Saturday, May 13th, 2006 • 2 Comments on So Long and Thanks For All the Fish
Everything I Need to Know (For Today, At Least), I Learned From The Hitchhiker’s Guide to the Galaxy:
—Be kind to small animals, because they might be running the show and you don’t even know it.
—It’s better to be a dolphin than a whale. Poor, poor whale.
—Douglas Adams had an amazing imagination and the world is a little emptier without him.
—To truly appreciate Douglas Adams, one needs to be drinking. One also might suspect Mr. Adams was drinking while creating his stories.
—If one is drinking, one should ask the fabulous Zabe (aka Elizabeth to the IRS and other official types) to choose a wine for you. I mean one.
—If one is drinking wine while watching a movie based on a Douglas Adams book, one should drink a nice German Riesling. I recommend Weingut Eugen Wehrheim’s 2003 Niersteiner Bildstock Riesling Kabinett.
—That Zabe really knows how to pick a birthday (I mean graduation) wine. She’s a fabulous girl, just ask anyone. Simply fabulous.

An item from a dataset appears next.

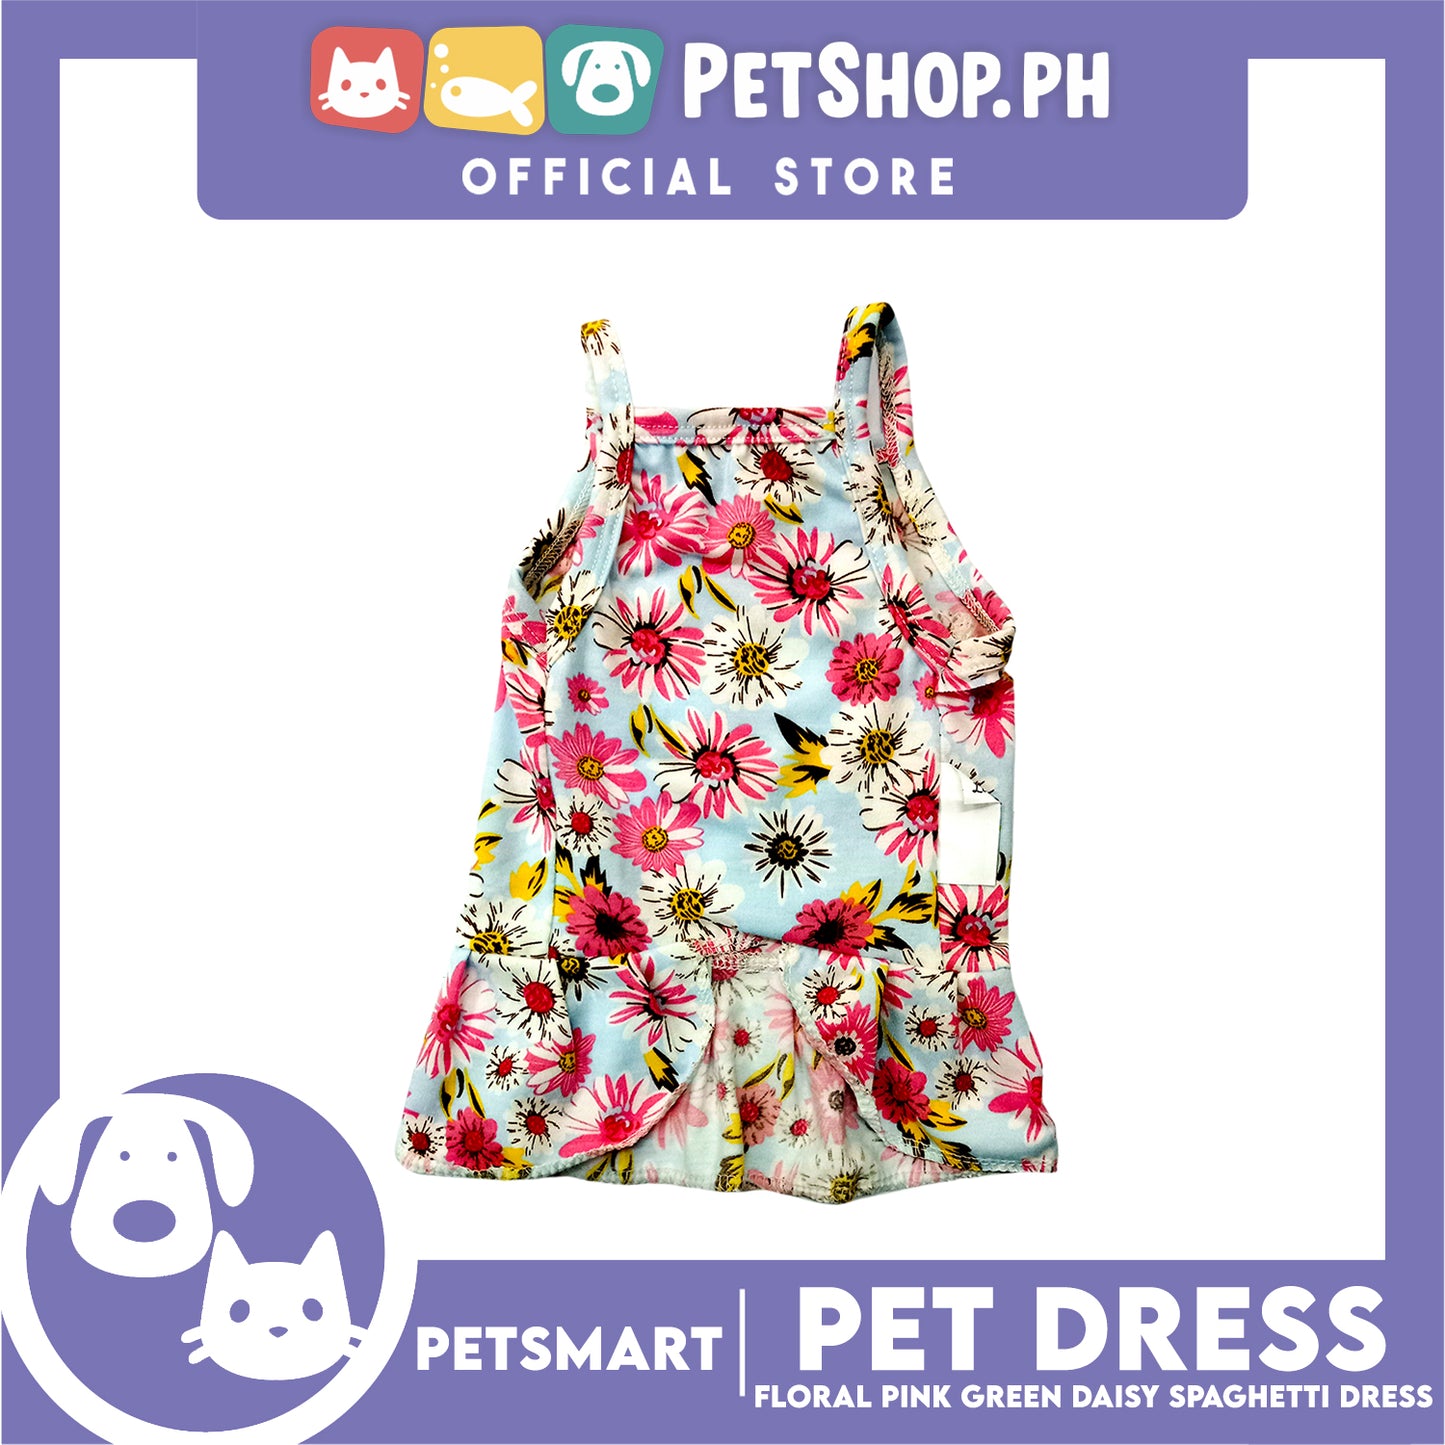 Pet Dress Floral Design, Pink Green Color Daisy Spaghetti Dress (Medium) Perfect Fit for Dogs and Cats

—You can’t be president with a whole brain. (I think I already knew that one.)
—Buttons aren’t toys! Press them anyway.
—I could listen to Alan Rickman all day.
—“Okay, don’t think. Nobody think. No ideas. No theories. No nothing, ” is a funny quote, but utterly impossible to accomplish. Look out for the giant fly swatter!
—The best pizza is one I don’t have to make.
—Resistance is useless!
—When your entire world is destroyed, look for the backup.
—“I’m British. I know how to queue,” is soooo much funnier if you’ve been to London.
—The president of the universe is an interesting blend of Richard Branson, Bill Clinton and Elvis Presley. Who knew?
—“You want to see my spaceship?” is actually a pretty good pick-up line.
—Why be happy when you can be famous?
—The answer to the ultimate question of life, the universe and everything is… 42. Which, oddly enough, is the age I plan to be when I have a child. I thought I knew everything and now I know I do! Wow!
—A cup of tea will restore your normality, but a bottle of wine will make you giggle for an hour.
—In the words of the incredible Alan Rickman (as poor, depressed Marvin): “This will all end in tears.”
—The ultimate question is different for everyone.
—Douglas Adams is in heaven, but he probably didn’t get in on the first try.